Based on this set of findings, Rafael de Cabo, a senior researcher at the National Institute of Aging who helped lead the monkey study, now believes that while calorie restriction is important for longevity, the amount of time eating – and not eating – every day is equally essential. And this can happen not only to animals, but also to humans.

What does this mean for me?

It’s difficult to definitively answer whether intermittent fasting, calorie restriction, or a combination of the two can make people live longer.

“I don’t think we have any evidence that these methods extend the life of humans,” Nelson reports. That doesn’t mean they don’t work, he added, just that “it’s very difficult to gather evidence, because it takes a lifetime for us to collect that data.”

A clinical trial – called the Calerie study – attempted to answer this question by examining how a 25% reduction in calories over two years would affect a range of measures related to aging. More than 100 healthy adults were guided through meal planning and received periodic counseling sessions to help them achieve their diet goals. But because it’s so difficult to reduce calories, participants were only able to cut their intake by about 11 percent.

Compared to control group participants, dieters improved several aspects of cardiometabolic health, such as blood pressure and insulin sensitivity, and had lower levels of some markers of inflammation.

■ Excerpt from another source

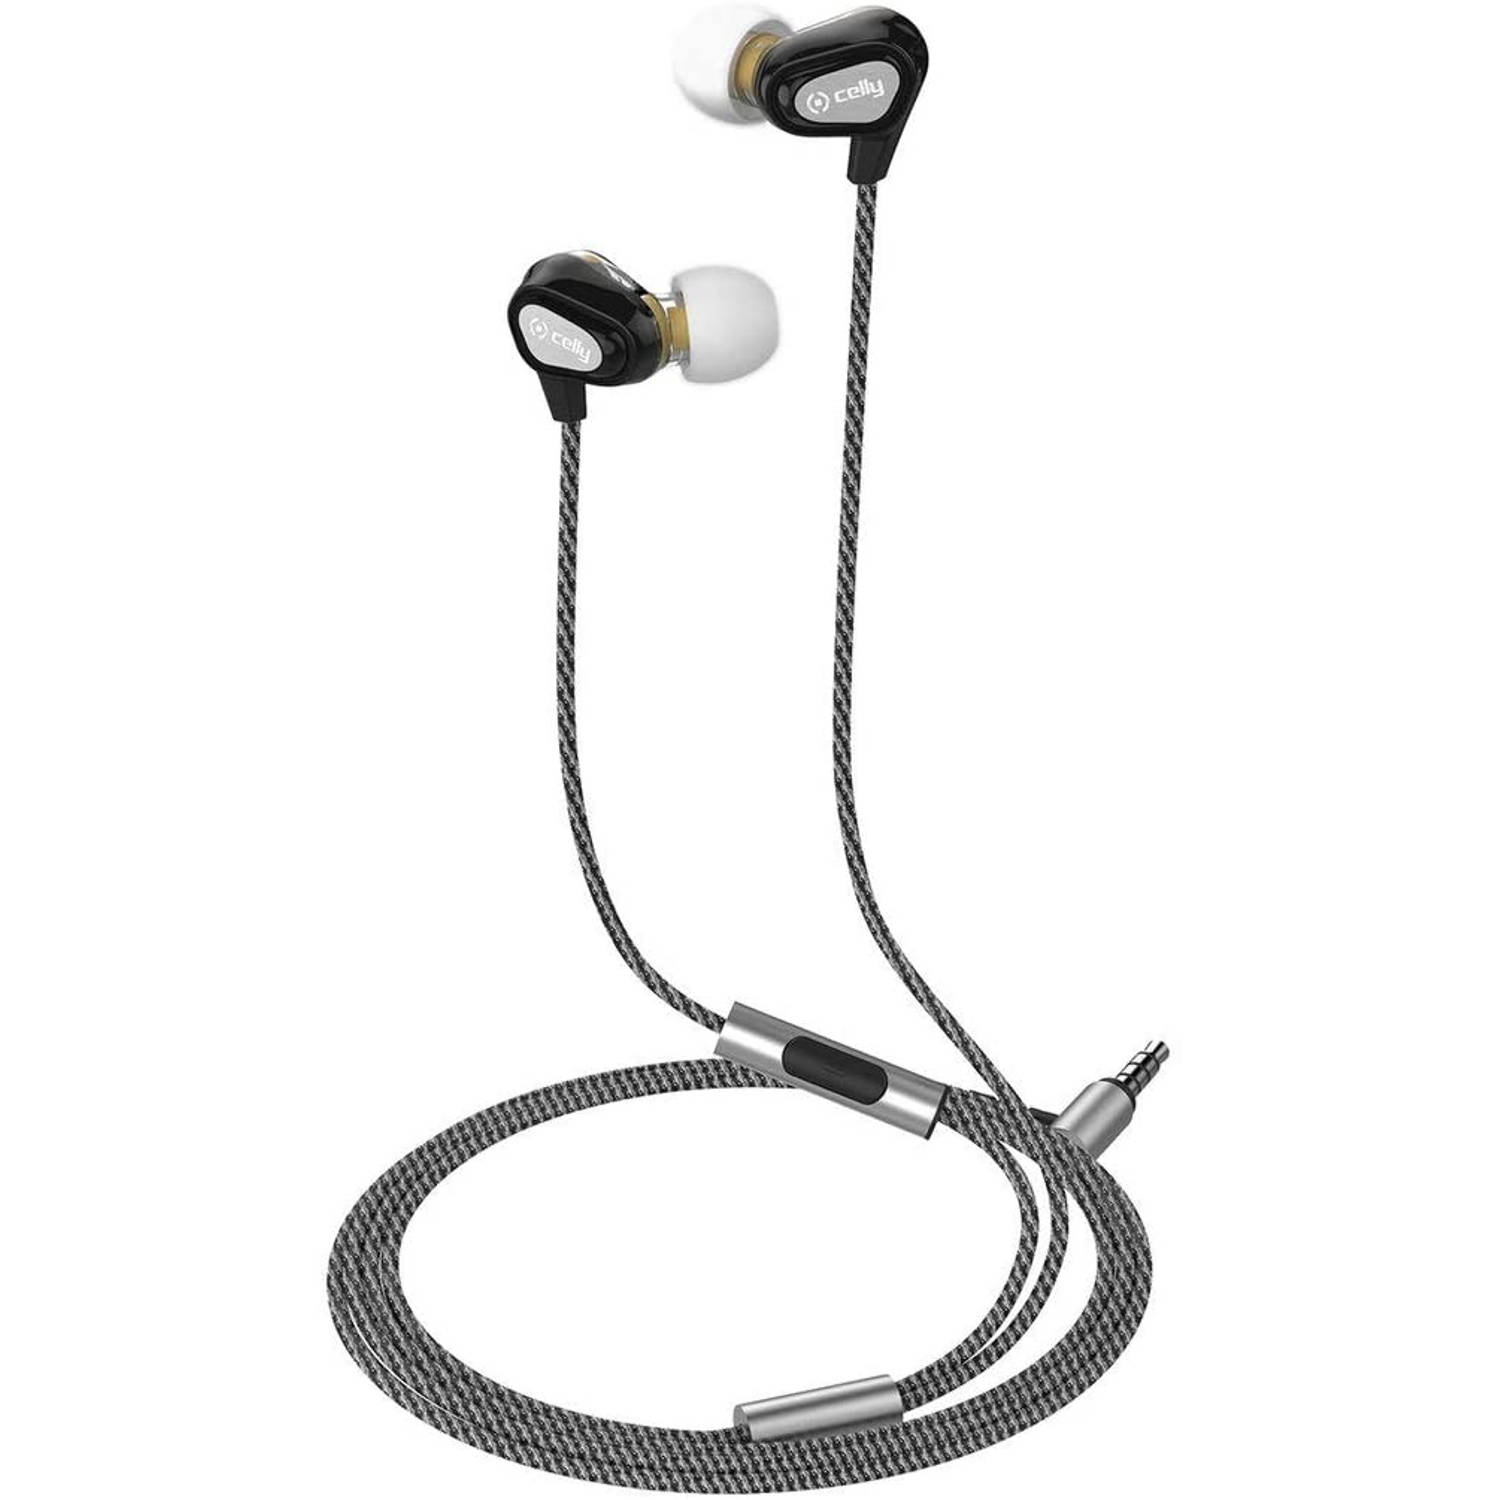 Celly UP800BK In-ear Stereofonisch Bedraad Zwart mobiele hoofdtelefoon

The study also included three measures of “biological age,” comparing blood tests taken at the beginning and end of the two years. Two of the tests showed no improvement in either group, but the third, which tries to measure how quickly people age, showed a difference between those who dieted. Calorie restriction “didn’t make people younger, but it slowed down how quickly they aged,” explains Huffman, who worked on the study.

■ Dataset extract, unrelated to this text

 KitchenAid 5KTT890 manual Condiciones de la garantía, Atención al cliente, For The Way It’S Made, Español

For Miller, the most significant conclusion from this study is that calorie restriction of 25% to 40%, which has already been shown to be beneficial for animals, simply it’s not realistic for humans. “They did everything they could to help people cut calories,” he said, but participants still fell short of the 25% goal.

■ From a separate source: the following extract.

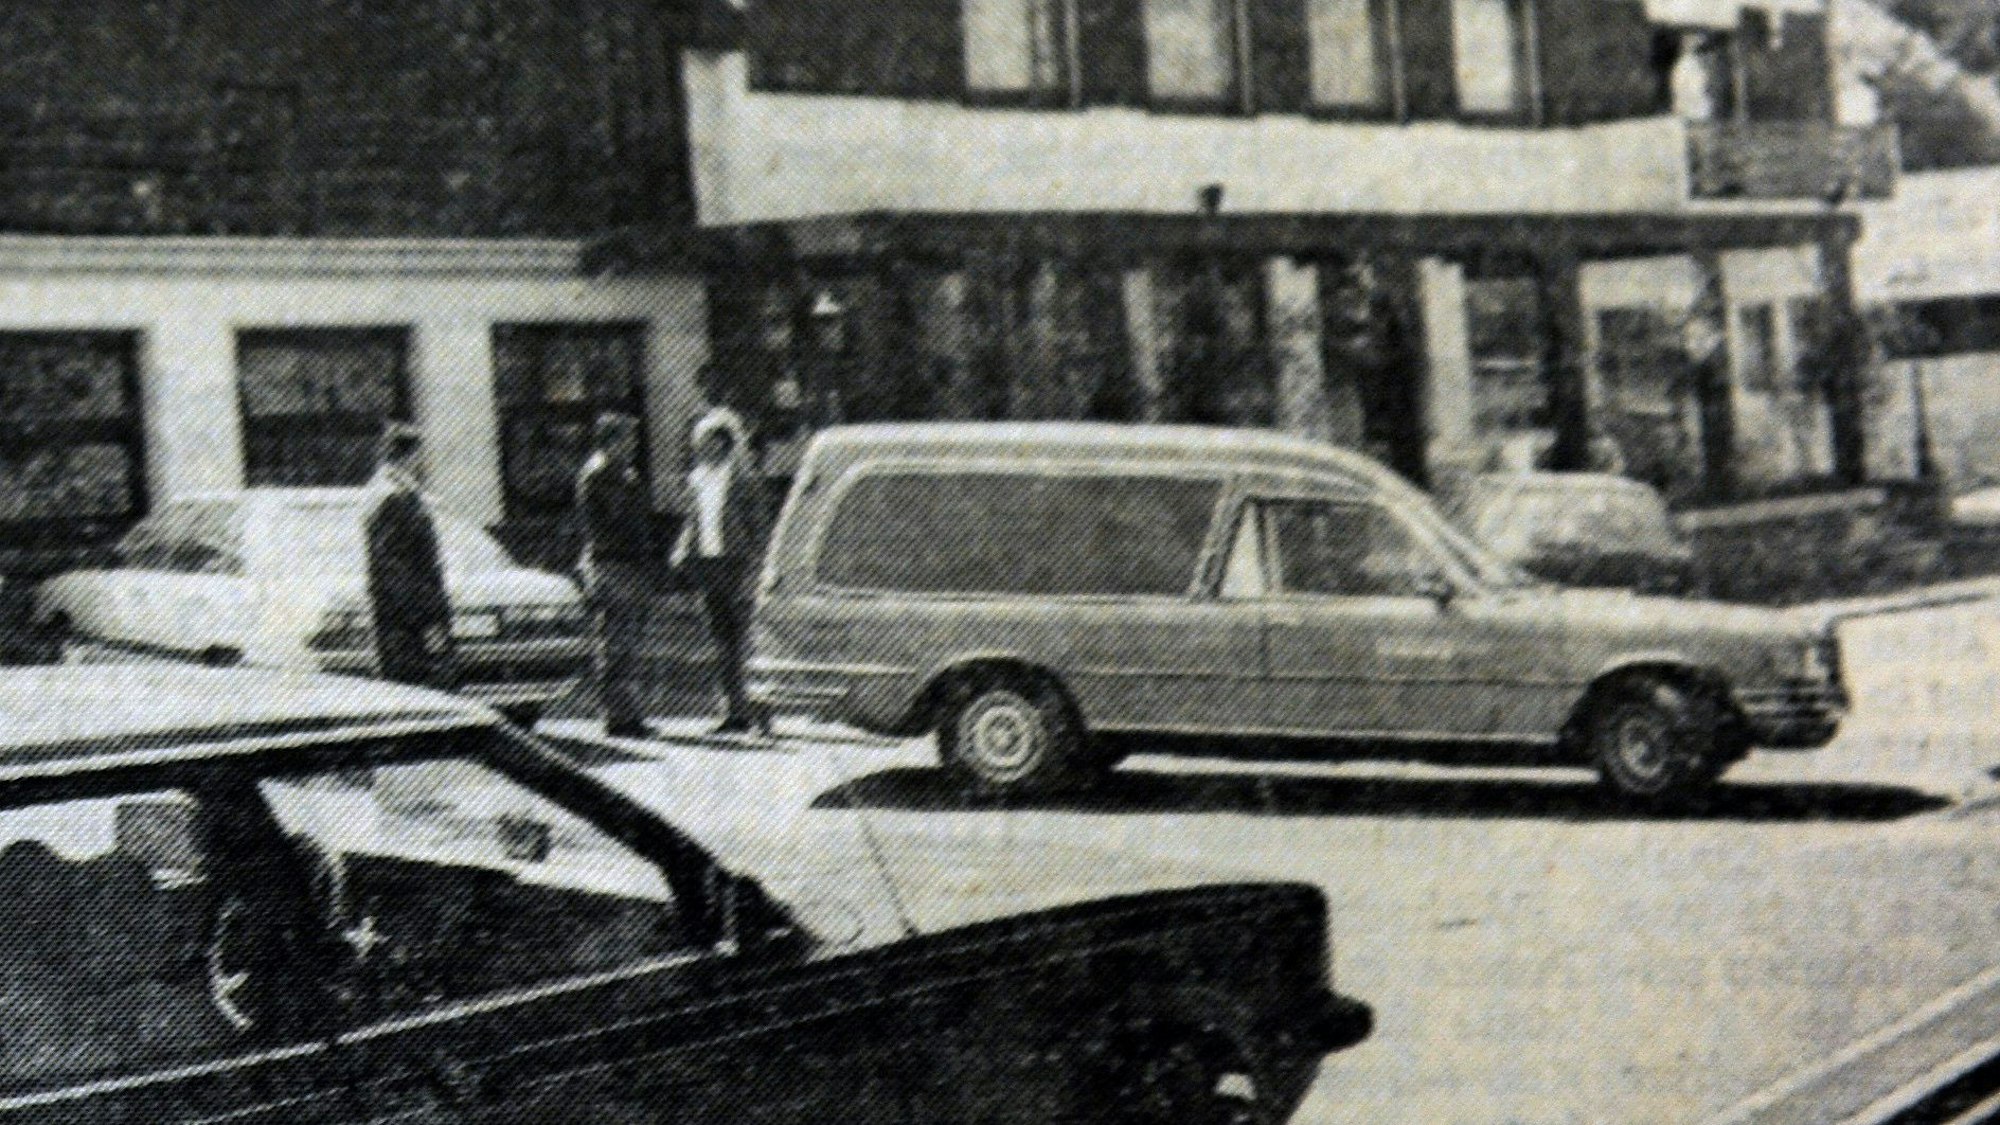 Vor der Gastätte "Naafshäuschen" in Lohmar stehen am Tag der Ermordung von Claudia Otto Einsatzfahrzeuge der Polizei und ein Leichenwagen.

De Cabo presents a different opinion: “Even though they only achieved 11% calorie restriction, participants showed benefits”.

Other research has focused on the short-term effects of intermittent fasting on people with different body mass indexes (BMI). Some studies that tested different fasting schedules showed improved metabolic health and reduced inflammation. But a study of 116 people whose BMI classified them as obese or overweight found no benefit among those who ate within an 8-hour window but didn’t reduce calories, compared with a control group.

And we have one final twist: there is a remarkable body of evidence that seem to contradict directly the idea that calorie restriction or fasting, which normally leads to weight loss, prolongs human life.

Research has consistently found that people classified as overweight have a lower risk of death than people who are normal weight or underweight. One hypothesis is that people with a lower BMI may be thin because they are older or have a chronic illness. Another is that people with higher BMIs have more muscle, which weighs more than fat. But it’s also possible that, especially later in life, having more body mass is actually protective, Huffman reports.

Despite almost a century of research, there is still a long way to be covered until experts can say with certainty whether the longevity benefits seen in animals translate to humans. Some studies give reason to believe that calorie restriction and intermittent fasting will help you live longer, and there are likely to be short-term benefits, particularly when it comes to heart and metabolic health. But it’s also possible that eating less doesn’t do much more than make you hungry.